Во всем Лондоне не сыщешь более шикарного — наверное, правильнее сказать, «помпезного» — интерьера, чем в холле гостиницы «Баррибо», этом логовище техасских миллионеров и заезжих магарадж. Кресла и диваны мягки настолько, насколько этого можно добиться с помощью денег, освещение размыто и ненавязчиво, ковры же такие ворсистые, что в них запросто могли бы затеряться карлики, и их пришлось бы разыскивать с помощью собак. Среди лондонской элиты принято считать, что если вы не бывали в холле «Баррибо», то вы не бывали нигде.

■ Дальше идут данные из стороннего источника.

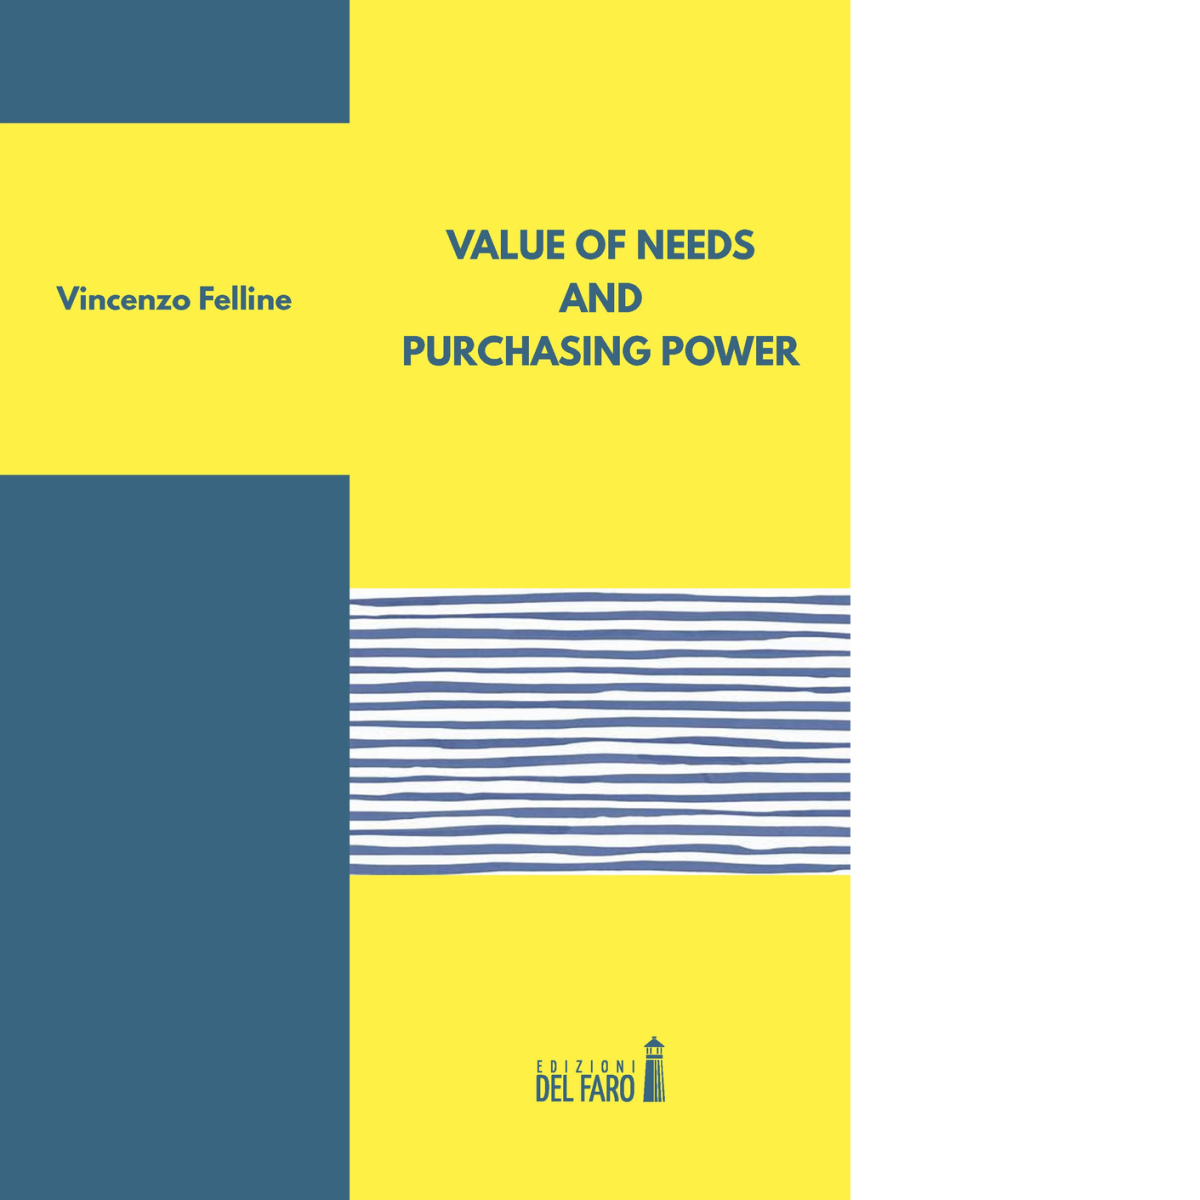 Value of needs and purchasing power di Felline Vincenzo - Del Faro, 2019

Приблизительно через сорок часов после визита Фредди Виджена в Луз Чиппингс, возвышенное благородство этого чудесного мирка лишь выиграло от появления окутанной роскошными тканями фигуры, которая вполне могла бы принадлежать американскому сенатору или лицу такого же ранга. Обладатель ее назывался Томасом Дж. Моллоем, а спустился он сюда затем, чтобы встретить жену, у которой в то утро истекал срок заключения в тюрьме Холлуэй, отбываемый по обвинению в магазинной краже.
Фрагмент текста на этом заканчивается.